Central to the analysis of Buying Time is the changing relationship between capitalism and democracy—in Europe and elsewhere—and the advancing immunization of the former against the latter.
About Wolfgang Streeck
Wolfgang Streeck (1946) is a German economic sociologist and emeritus director of the Max Planck Institute for the Study of Societies in Cologne. According to Wikipedia "Streeck's research is focused on analyzing the political economy of capitalism, wherein he proposes to take on a dialectical approach to institutional analysis as opposed to the more rigid varieties of capitalism."
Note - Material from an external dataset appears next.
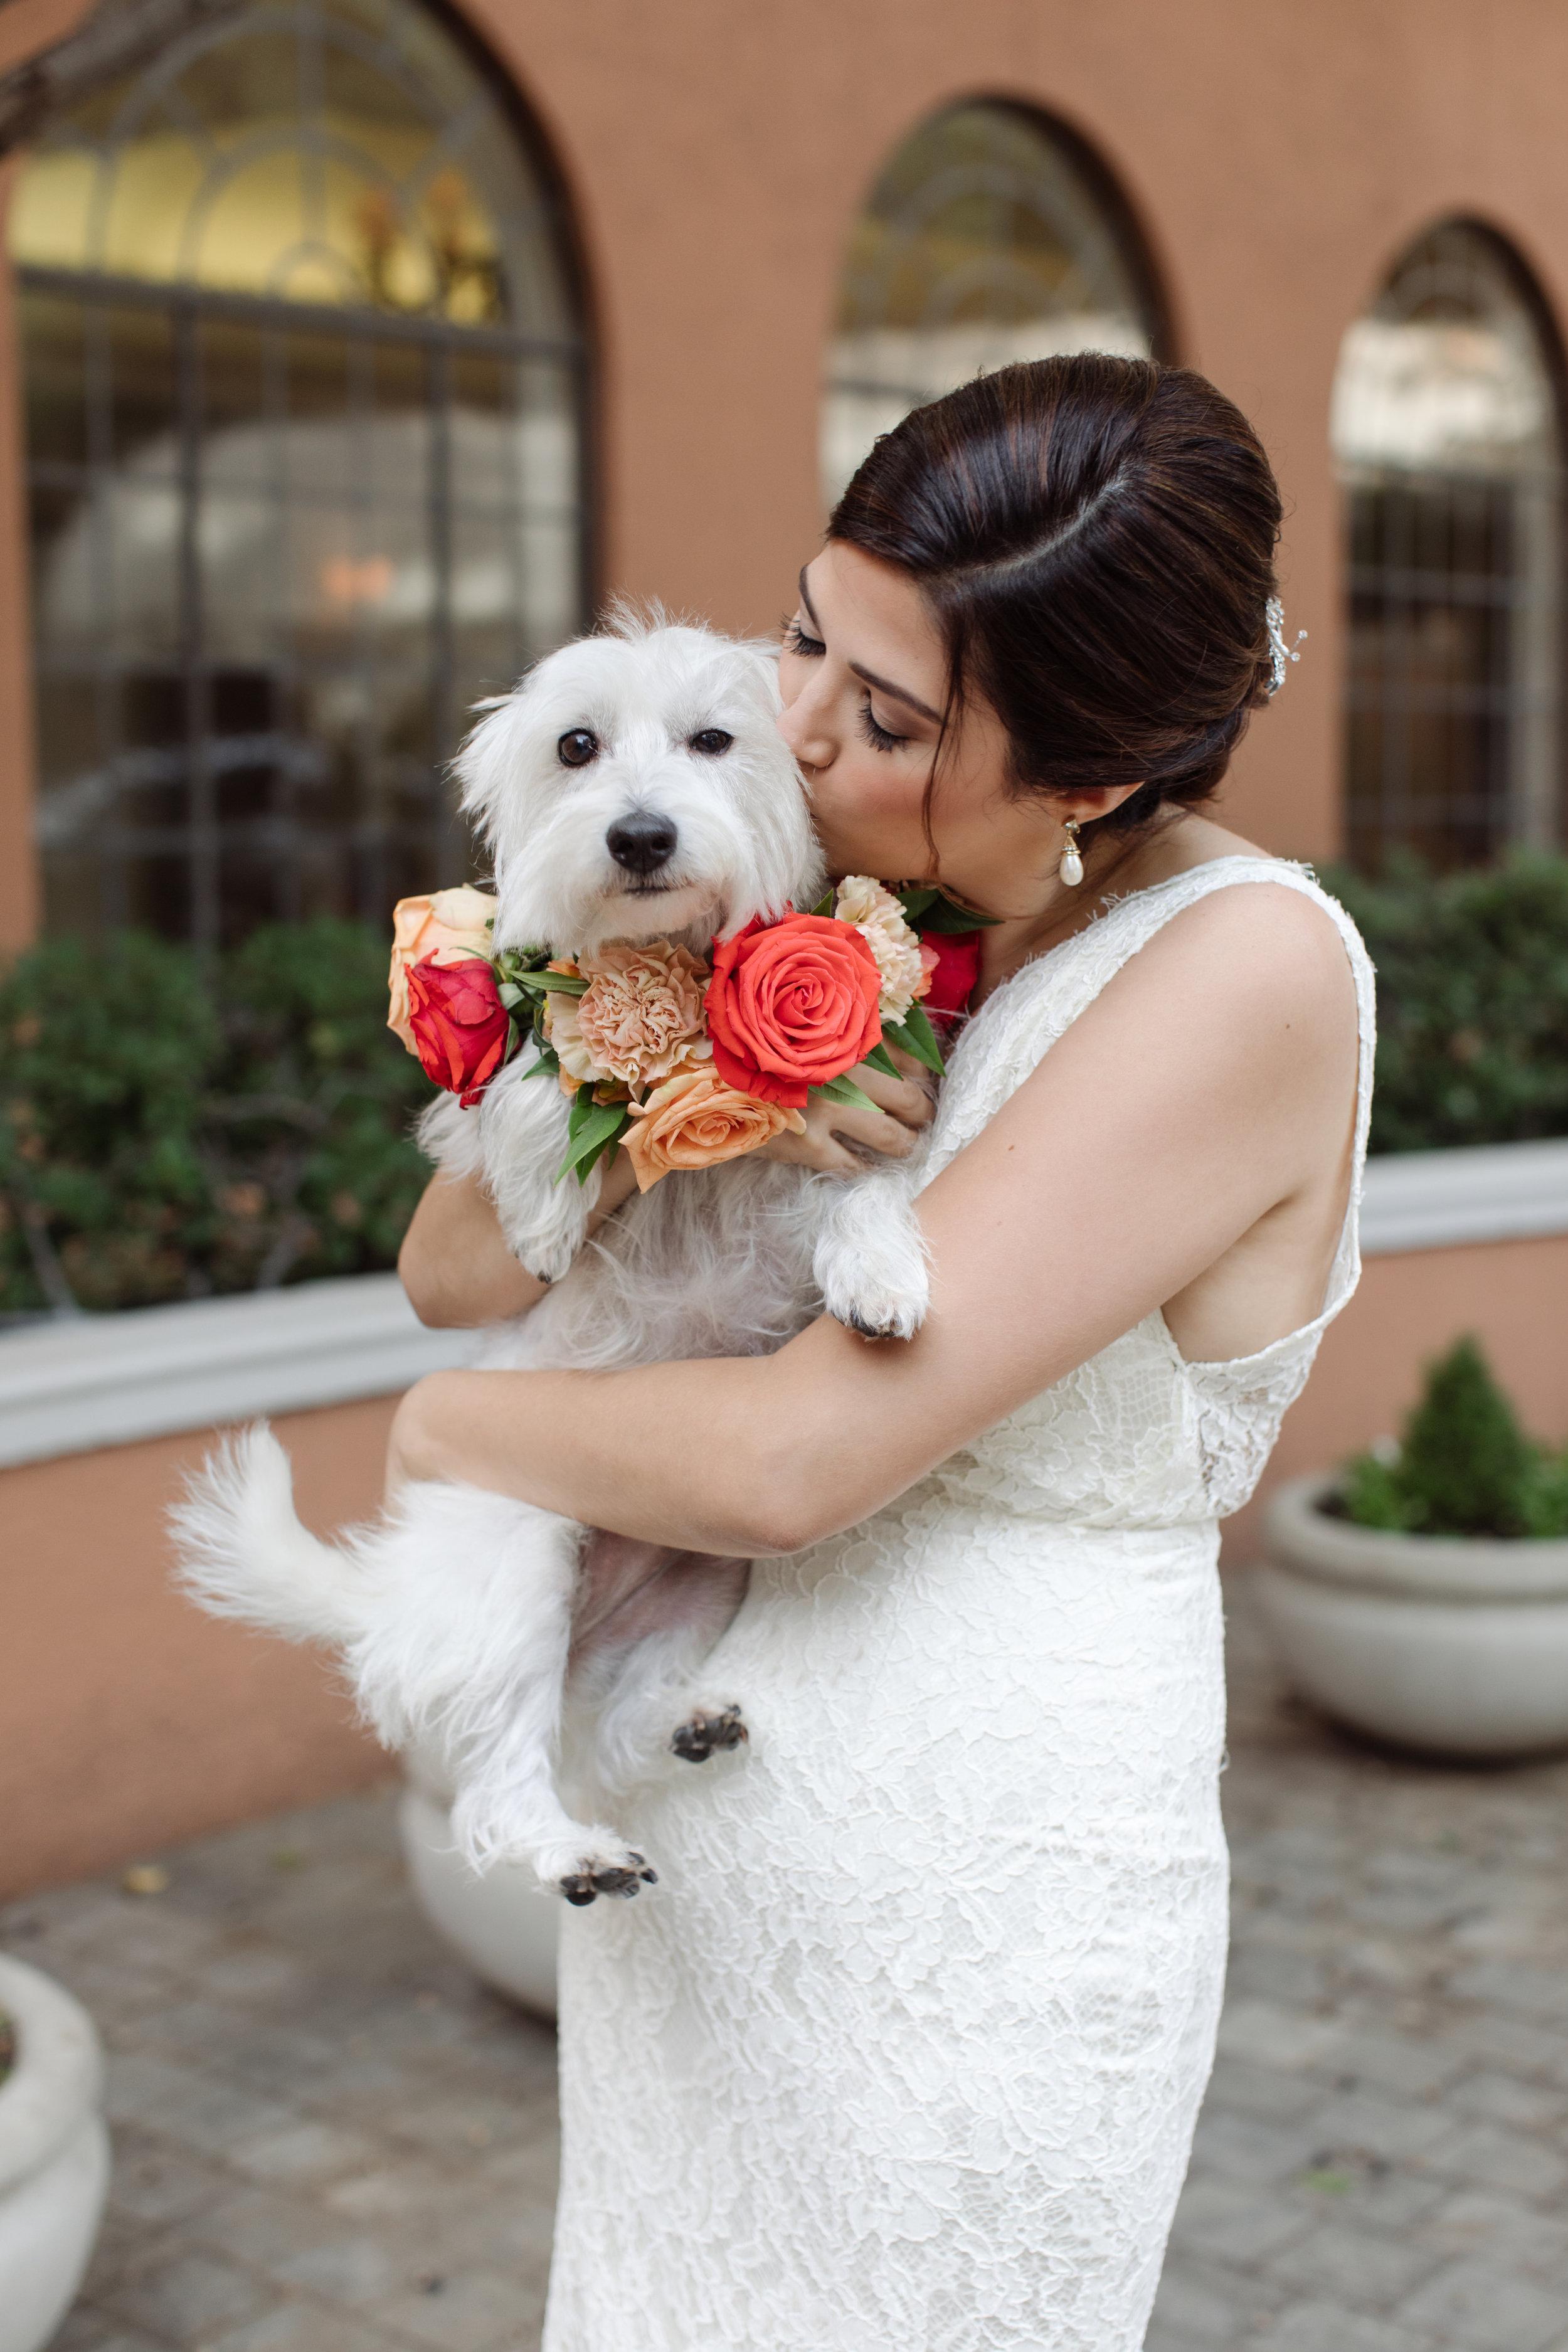 Fur love Details - Dallas, Tx - Fall Wedding - Julian Leaver Events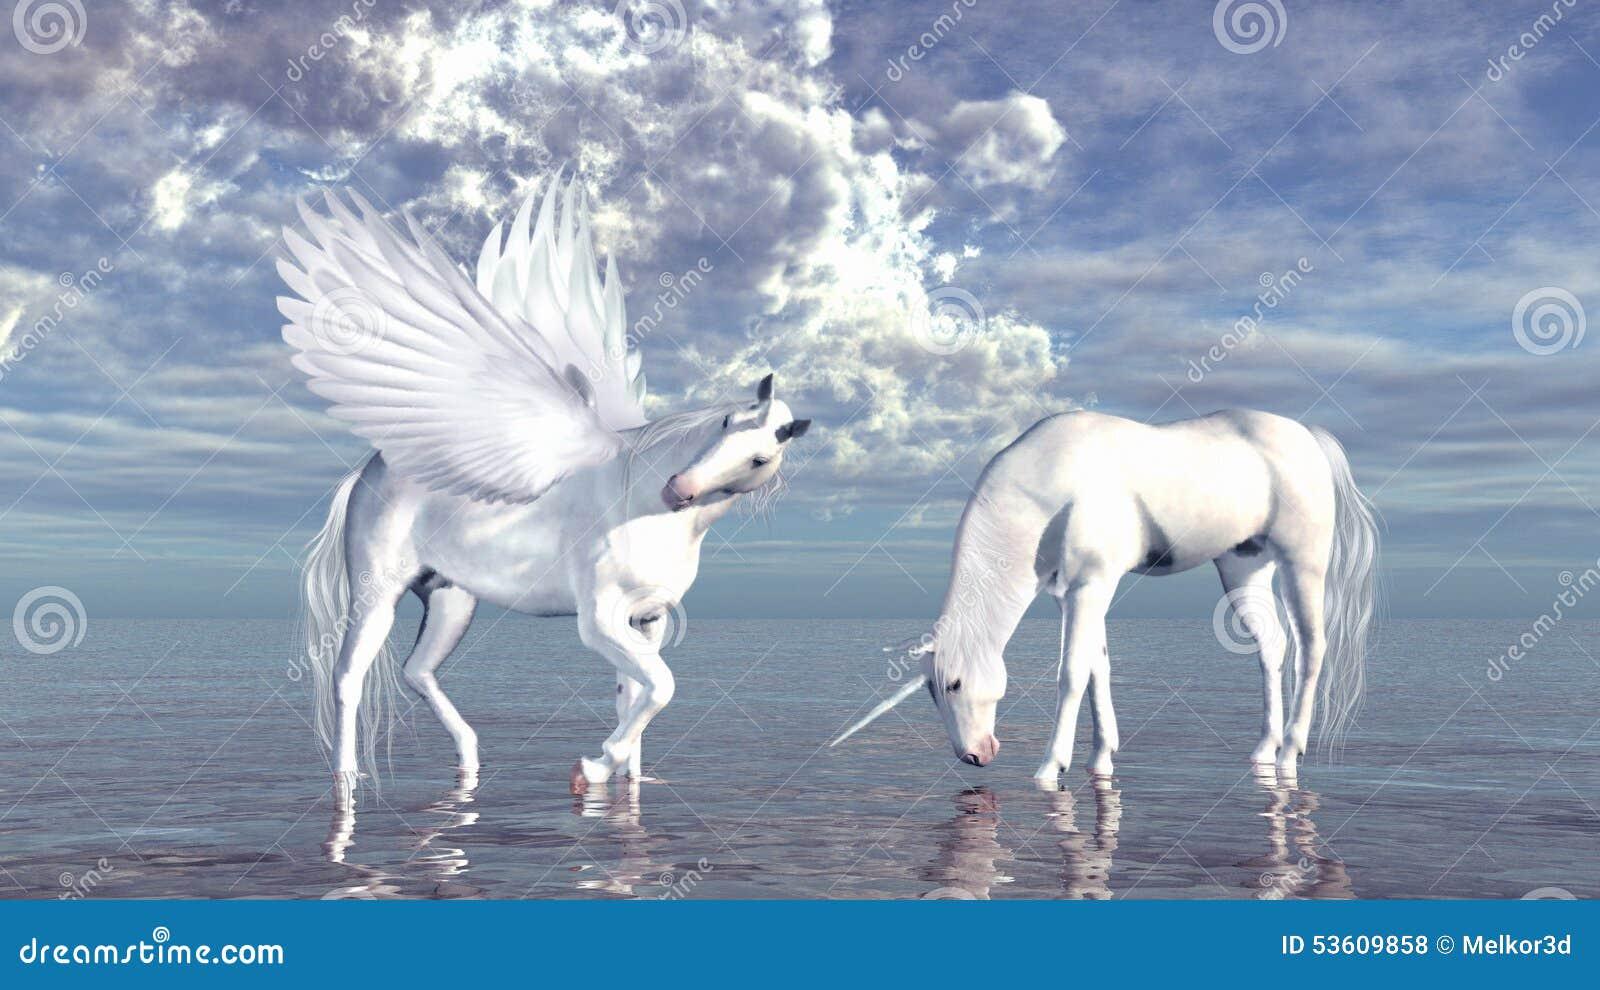 the last unicorn pdf free download

Short interview about Buying Time
Alpar Lošonc on Panoeconomicus wrote:
"Based on his 2012 Adorno Lectures, this important, challenging book from the Director of the Max Planck Institute, locates the interlocking democratic, fiscal and economic crises confronting Europe today as the end point of the long transformation of postwar capitalism. [...] What comes next is unclear. However, Streeck suggests the most likely outcome will be the ongoing 'Hayekisation of European capitalism and its state system,' a world of capitalism without democracy; market justice without social justice. For anyone interested in understanding the bind democracies are in, this is a vital if sobering book which has a troubling, if convincing, conclusion."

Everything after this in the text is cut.